'We will be ready', say Winter Games organizers


ROME — Six months before the start of the Winter Olympics, Italian organizers say that, after years of ups and downs, they are on schedule.
"Preparations are progressing steadily, and according to the timeline we have set," Andrea Varnier, the chief executive officer of the Milano-Cortina 2026 Olympic and Paralympic Organizing Committee, told reporters.
The Olympic opening ceremony is on Feb 6, though curling kicks off the action two days before that. The Paralympics open a month later on March 6, with curling again breaking the ice two days earlier.
"We are currently in the core phase of operational implementation," said Varnier.
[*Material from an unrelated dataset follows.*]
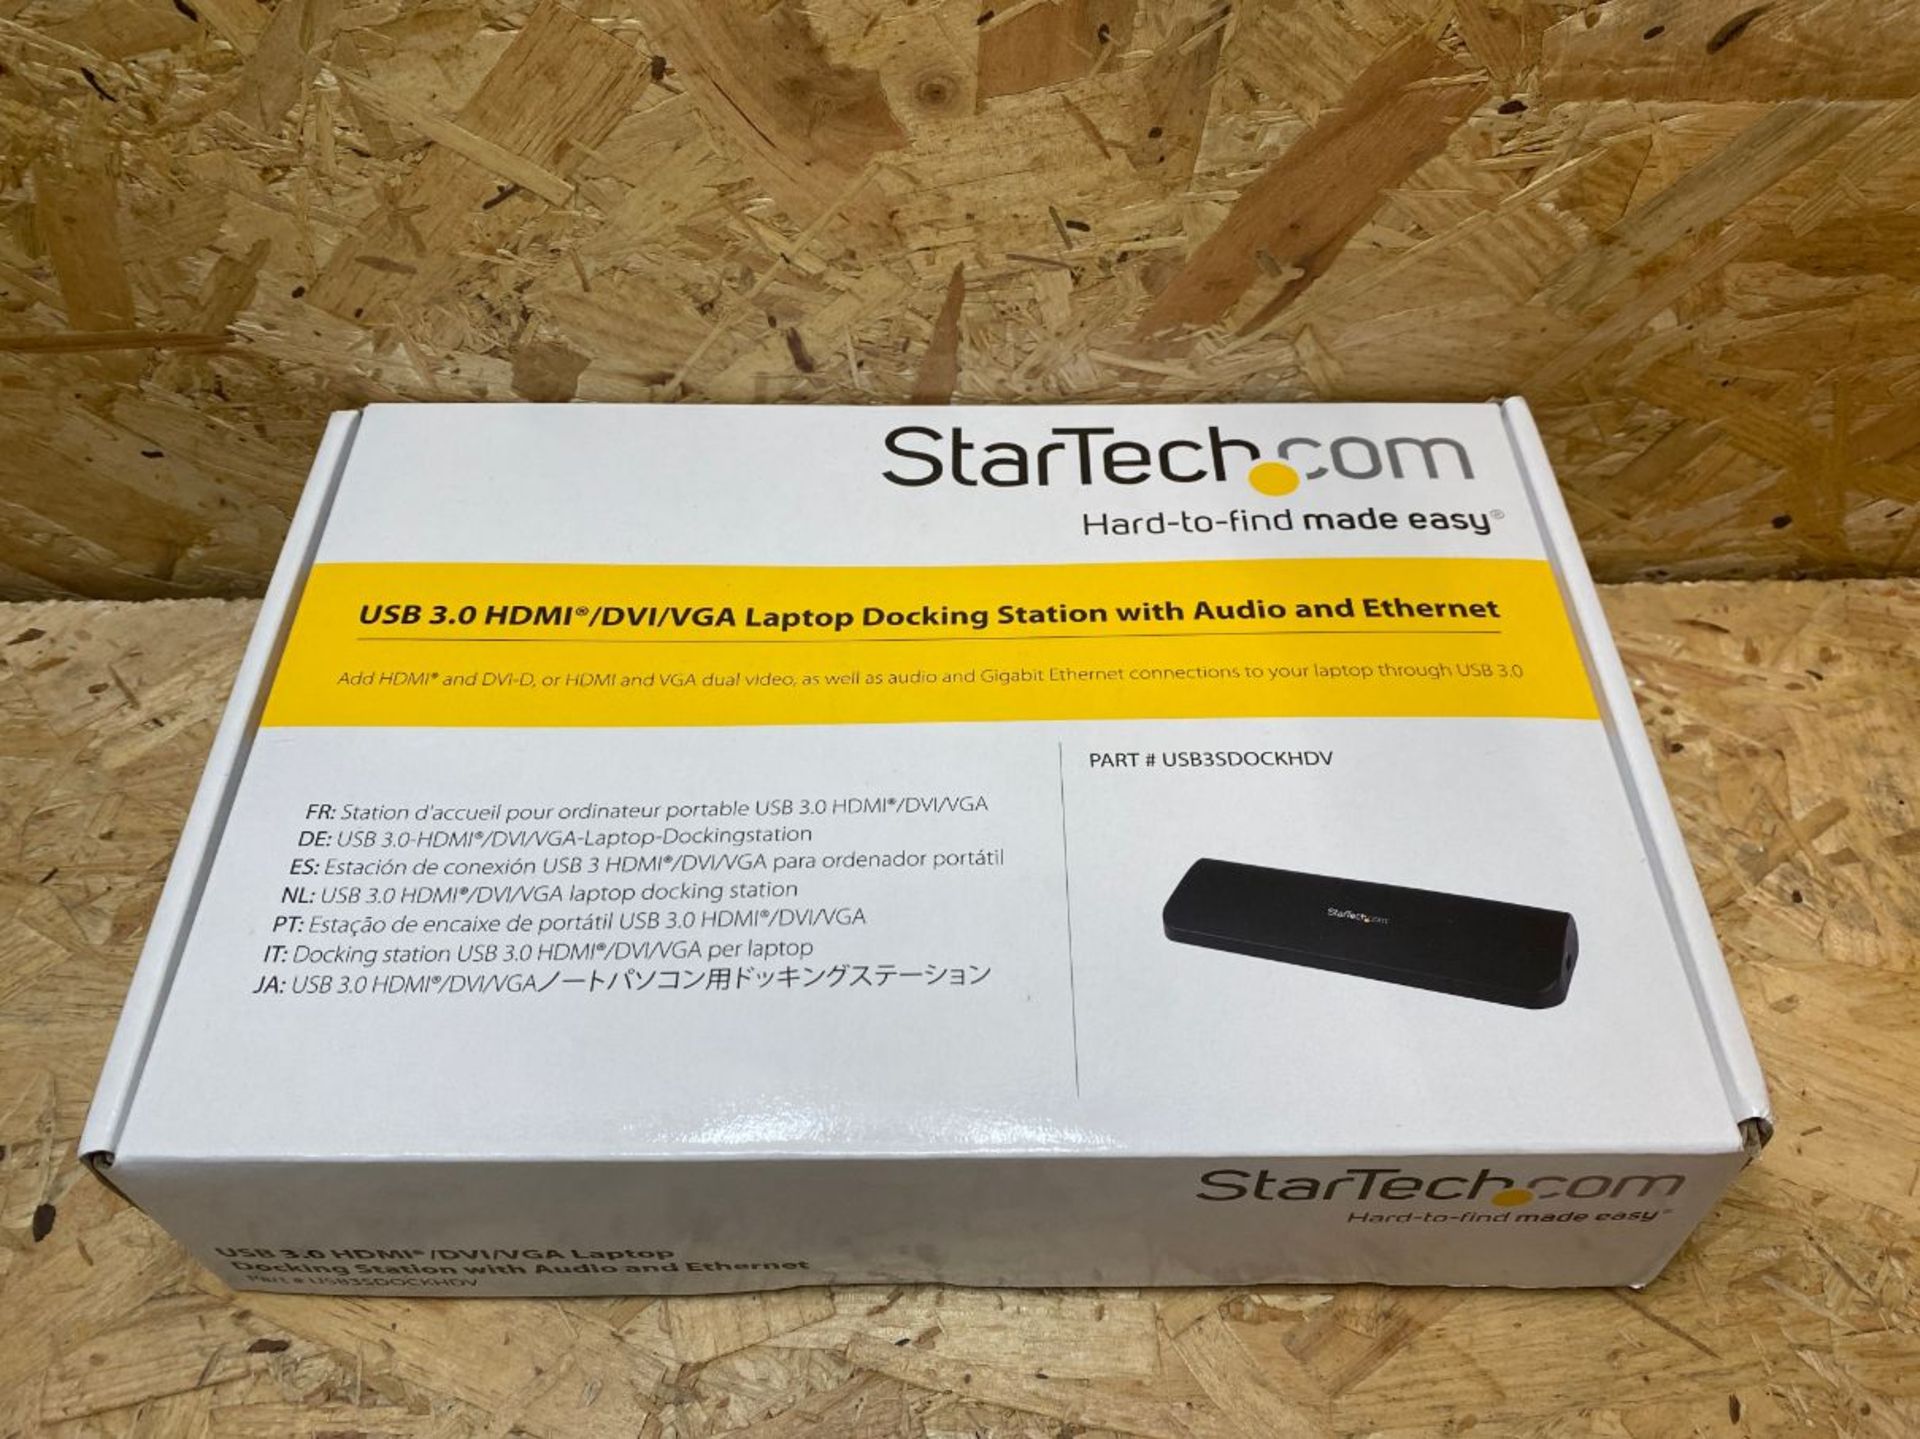 1 X STARTECH.COM USB 3.0 HDMI LAPTOP DOCKING STATION WITH AUDIO AND ETHERNET / RRP £104.99

Simico, the public company responsible for delivering the Olympic facilities, last week promised that "all the planned sports construction projects will be completed before the start of the Olympics".
Organizers have made a point of delivering a low-cost Winter Games after the extravagance of recent Games.
Sochi, in Russia in 2014, cost at least $40 billion. Pyeongchang, in South Korea in 2018, came in at over $12 billion. The COVID-hit Games in Beijing in 2022 officially cost $2.24 billion in total organizational expenditure, according to the Beijing 2022 organizing committee's financial report released in May 2023.
Milano-Cortina is estimating its final bill will be $6 billion. Of that, $4 billion is going toward infrastructure, with the remaining $2 billion on staging the Games.
The Games are using a host of existing venues — emphasizing the point by holding the closing ceremony in the almost 2,000-year-old Roman amphitheater in Verona. Organizers say that avoiding new construction reduces not only costs, but environmental impact.